The more I think about it, I'm inclined to agree with @kwwall - I'm just not sure if encoding will ever be enough in this case (without breaking things) - whatever custom encoding scheme you take you'd have to assume the server will be able to decode it, which would be impossible when you're constructing requests to a different site you don't control.

It's crazy how flexible URL paths can be. All of these curl requests are identical and retrieve key from the root of my directory:

curl --path-as-is --url "http://localhost:8000/a/b/c/../../../key"
curl --path-as-is --url "http://localhost:8000/a/b/c/okay%2F..%2F..%2F..%2F..%2Fkey"
curl --path-as-is --url "http://localhost:8000/a/b/c/%6f%6b%61%79%2f%2e%2e%2f%2e%2e%2f%2e%2e%2f%2e%2e%2f%6b%65%79"

As for sanitization, I think two good approaches are:

  • just strip all .. and / from the string
  • construct a path from the input and only return the filename portion

I've implemented both as an example:

Bad Input: okay/../../../../key
Just filename: key
StripDotsAndSlashes: okaykey

Even with sanitization it's tricky since the user could supply input that is already URL encoded. In this case the sanitization function needs to properly URL Decode any input before stripping dots and slashes or extracting just a filename

Does it make sense to add any sanitization functions to this library for these cases?
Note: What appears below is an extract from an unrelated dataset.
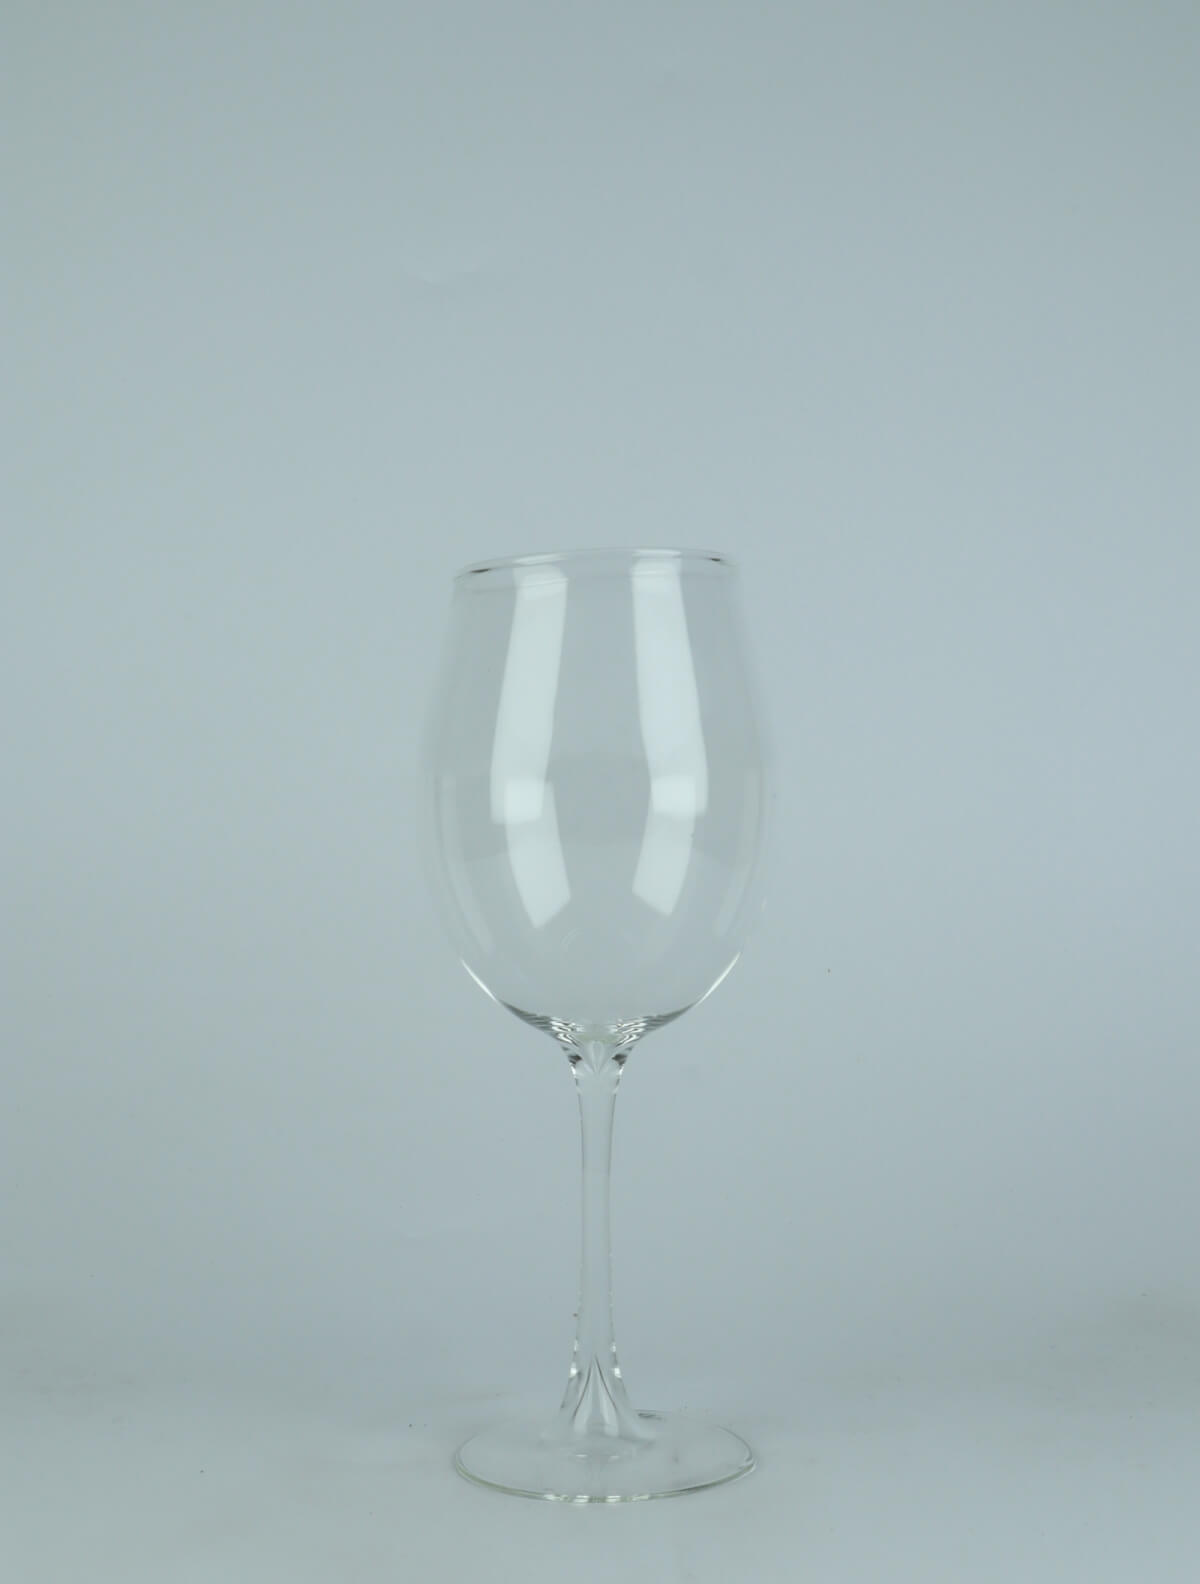 A bottle  Zünd vinglas - 22-23 cm høj, diameter 10 cm, 95 gram Wine glasses from Glasbläserei Zünd, Bern in Switzerland
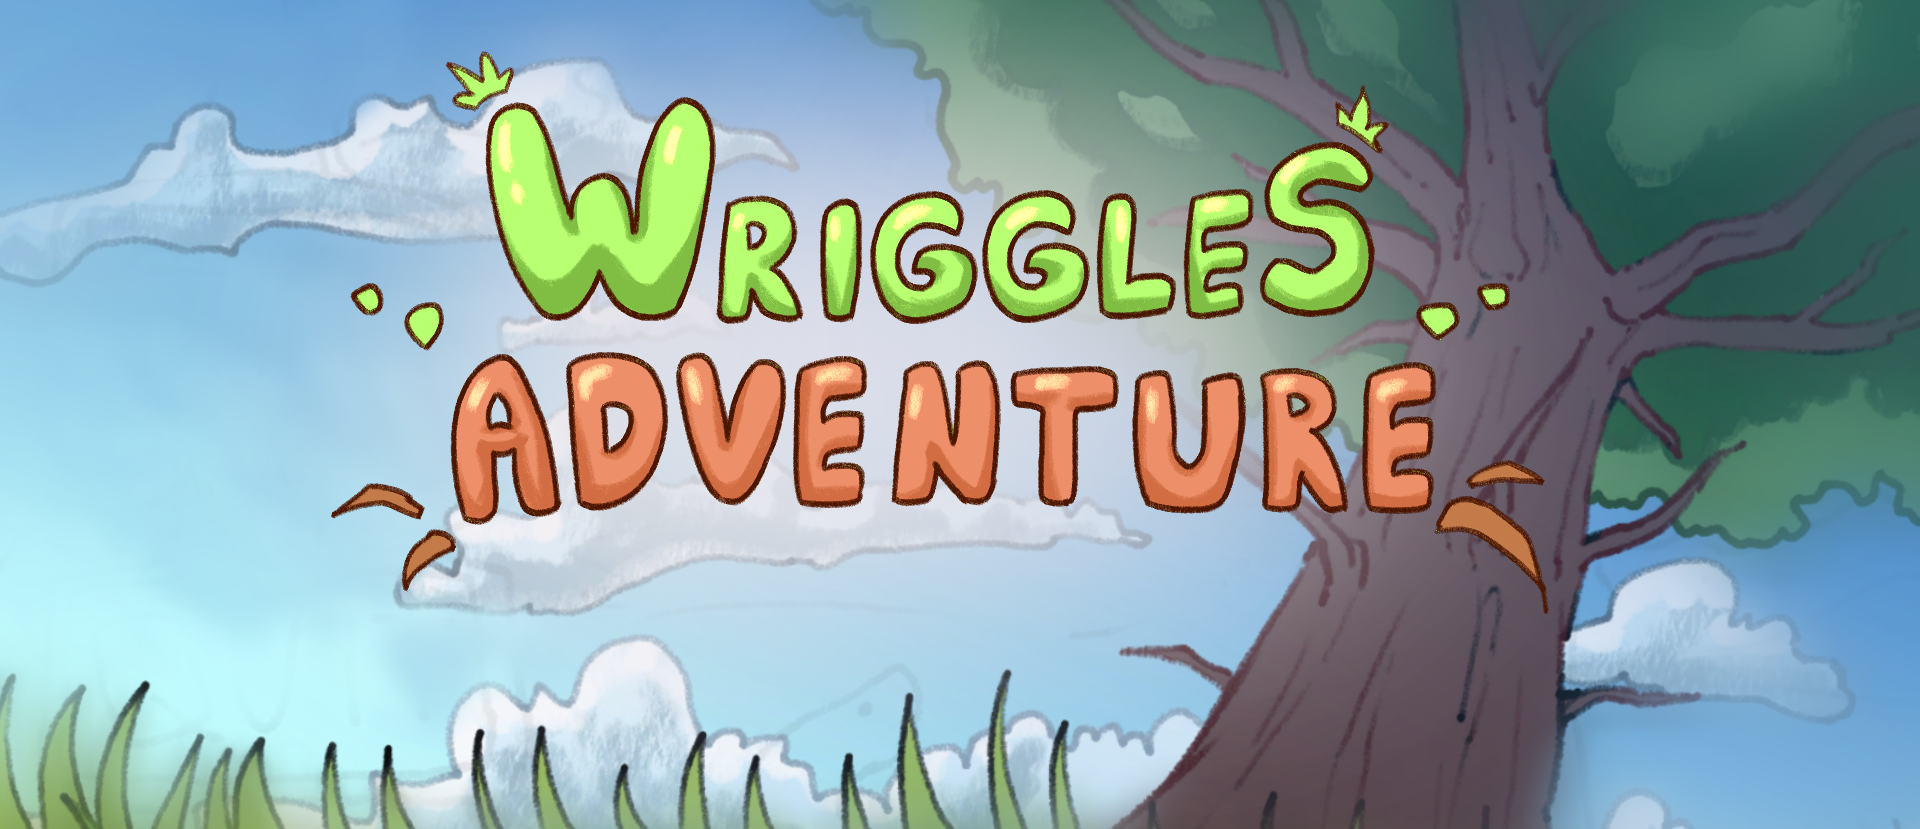 Wriggles Adventure

Here's what I was thinking to "sanitize" the inputs. It depends whether you want to honor paths (slashes) or not:

public static String normalizePath(String path) {
        path = URLDecoder.decode(path, Charset.defaultCharset());

        // make it an absolute path then normalize
        String normalized = Paths.get("/" + path).normalize().toString();

        // return a leading slash if it came in with one, otherwise strip the leading slash
        return path.charAt(0) == '/' ? normalized : normalized.substring(1);
    }

public static String stripPath(String path) {
        String decodedPath = URLDecoder.decode(path, Charset.defaultCharset());
        return Paths.get(decodedPath).getFileName().toString();
    }

I suggest a new project for specialized URL validation. Since we are just an encoding library I am closing this out.